Reputation: 1609
If I have a table like follows:
Meter Serial Date | Reading
A 2017-01-01 10
B 2017-02-10 20
A 2017-03-05 20
B 2017-05-01 100
A 2017-06-01 300
Is it possible to get a query that displays like follows:
Meter | Date Start | Start Reading | Date End | End Reading
A 2017-01-01 10 2017-03-05 20
B 2017-02-10 20 2017-05-01 30
A 2017-03-05 20 2017-06-01 300
Note: The readings do not come daily. But they are unique for a given day (e.g. you cannot have two readings on the same day)

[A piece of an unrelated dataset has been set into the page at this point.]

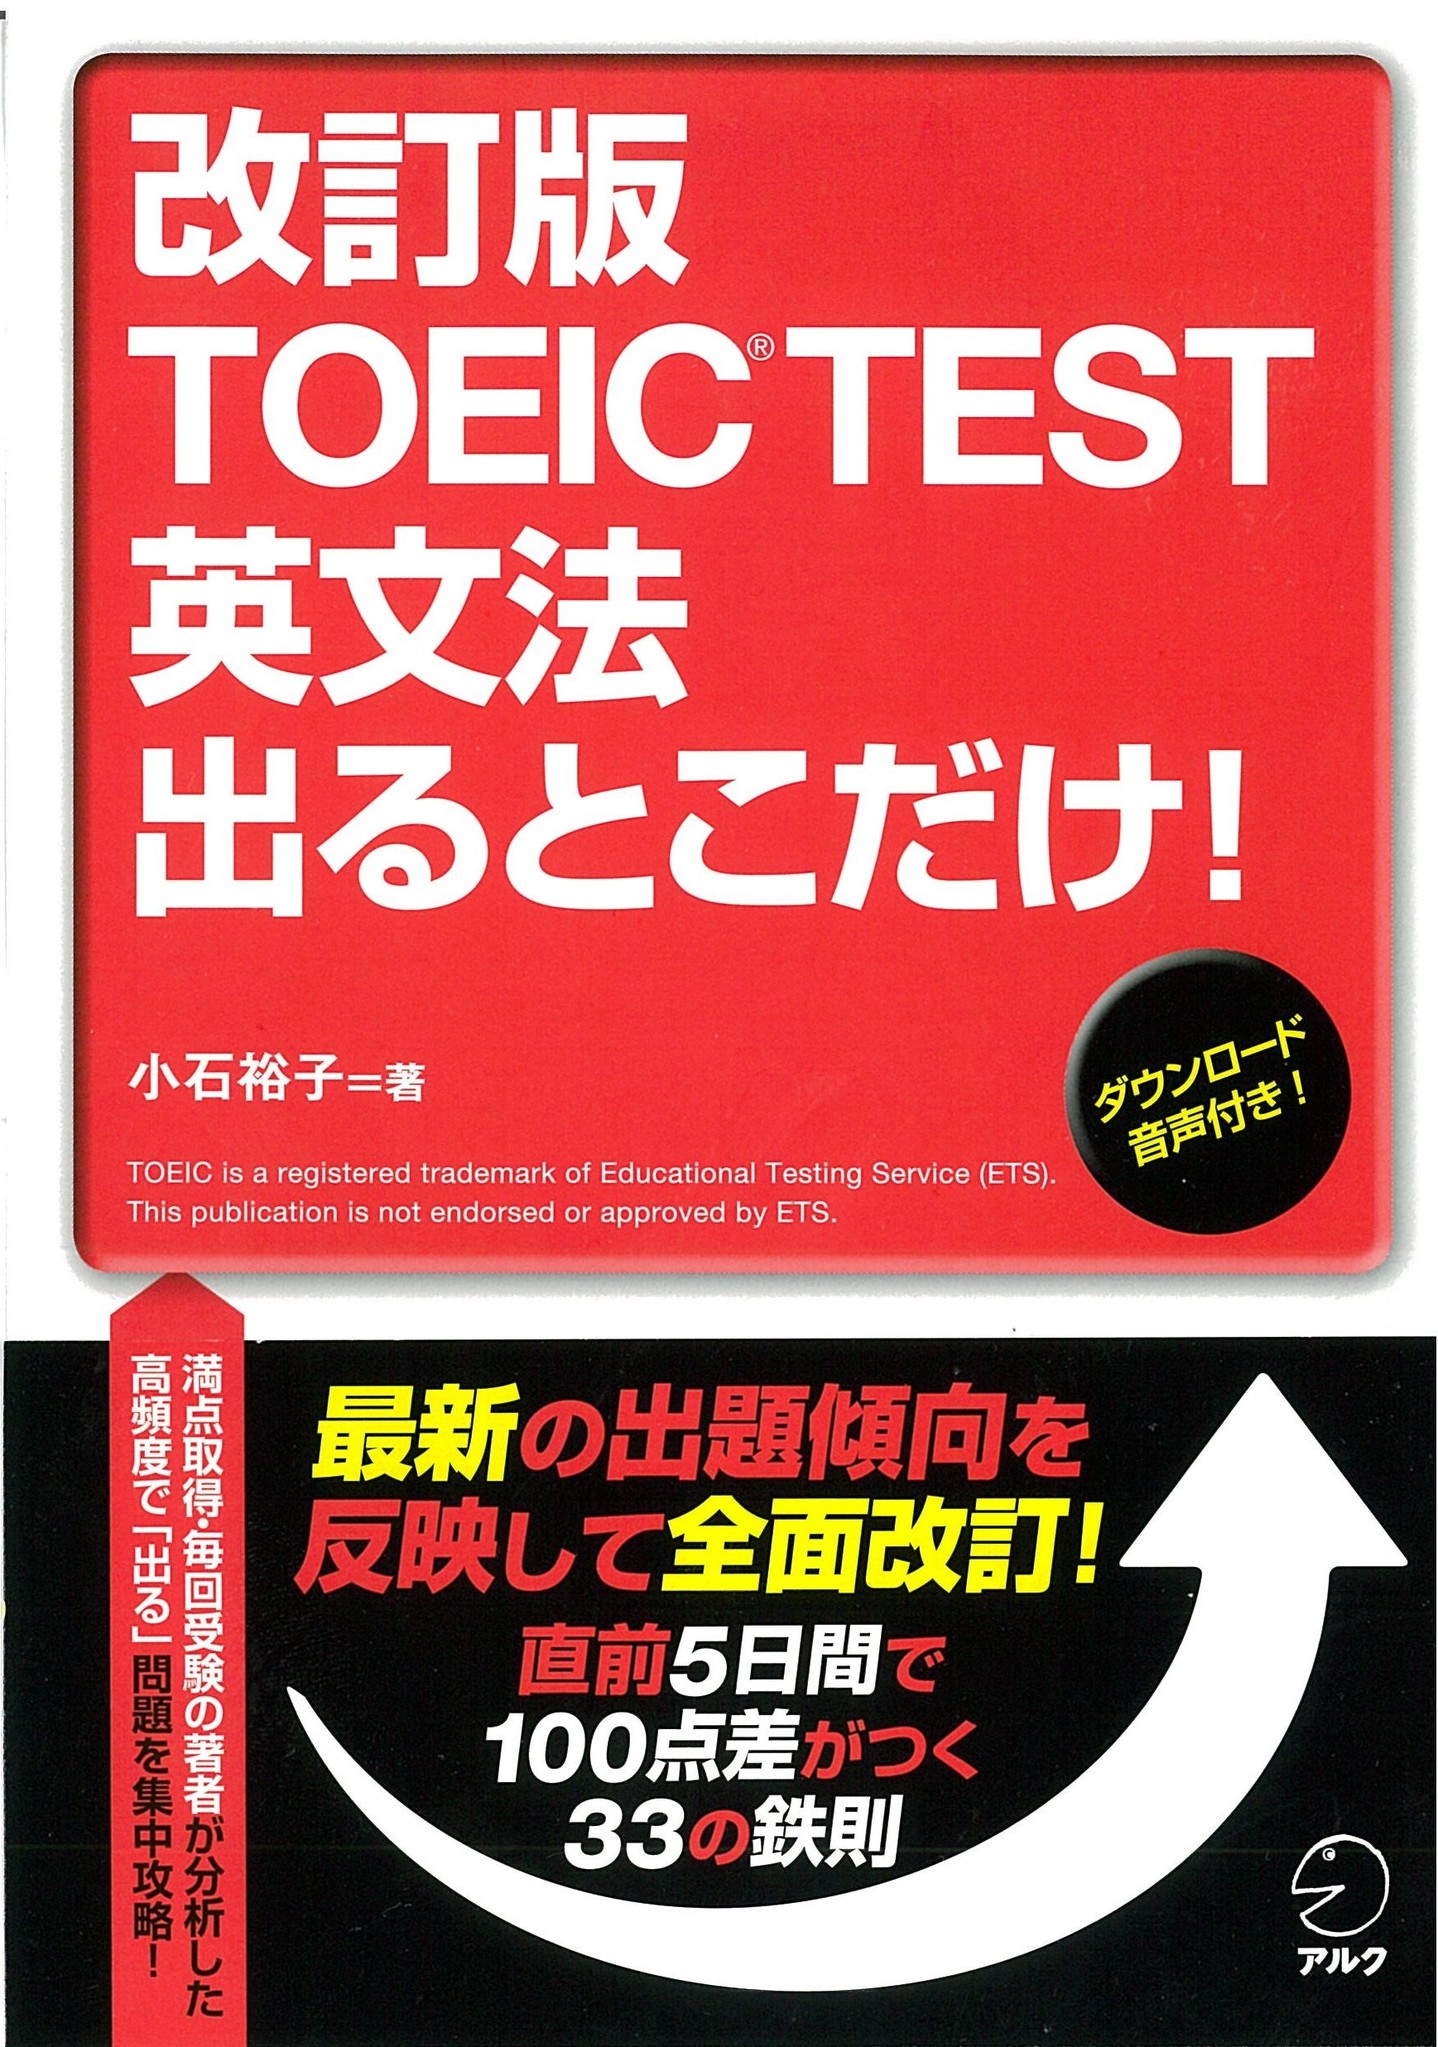 最新の出題傾向を反映して全面改訂 改訂版 Toeic R Test 英文法 出るとこだけ 改訂版 Toeic R Test 文法 語彙 出るとこだけ 問題集 1月27日同時発売 株式会社アルクのプレスリリース

This is the current query I am working with:
with tbl as (select row_number() over(order by read_date) as rn, meter_serial, meter_channel, total_meter_read, read_date
from meter_reading_total)
select l.meter_serial, l.read_date, l.total_meter_read, r.read_date, r.total_meter_read
from tbl as l
left outer join
tbl as r
on r.rn = l.rn + 1
and r.meter_serial = l.meter_serial
and r.meter_channel = l.meter_channel
Upvotes: 0
Views: 84
Reputation: 3495
Window functions FTW
SELECT
meter_serial,
meter_date AS start_date,
readings AS start_reads,
lead(meter_date) OVER read_wdw AS end_date,
lead(readings) OVER read_wdw AS end_reads
FROM read_meter
WINDOW read_wdw AS (
PARTITION BY meter_serial
ORDER BY meter_date ASC
)
ORDER BY start_date ASC
Here is the SQLFiddle for this case.
Upvotes: 3
Reputation: 4345
This one should work:
SELECT sub1.meter, sub1.date as date_start, sub1.reading as start_reading, sub2.meter, sub2.date as date_end, sub2.reading as end_reading
FROM
(SELECT ROW_NUMBER() OVER(ORDER BY meter, date ASC) AS row, t.*
FROM t) sub1
INNER JOIN
(SELECT ROW_NUMBER() OVER(ORDER BY meter, date ASC) AS row, t.*
FROM t) sub2 ON sub1.row = sub2.row -1
AND sub1.meter = sub2.meter
Try it here: http://rextester.com/XZDOX35079
Upvotes: 0
Reputation: 360
select l.date as startdate, l.reading as startreading, r.date as
enddate, r.endreading from
sample as l
left outer join
sample as r
on r.date = l.date + interval '1' day;
Self join by 1 day interval if you want it by dates. Else if you want by the record order change join condition to r.id = l.id + 1
If your table has no id column, you can use the rownumber function and cte as
with tbl as (select row_number() over(order by dt) as rn, rd, dt
from sample)
select l.dt, l.rd, r.dt, r.rd
from tbl as l
left outer join
tbl as r
on r.rn = l.rn + 1;
Changing order by dt
to order by 1
will join the table at the date ranges even if they are not sorted.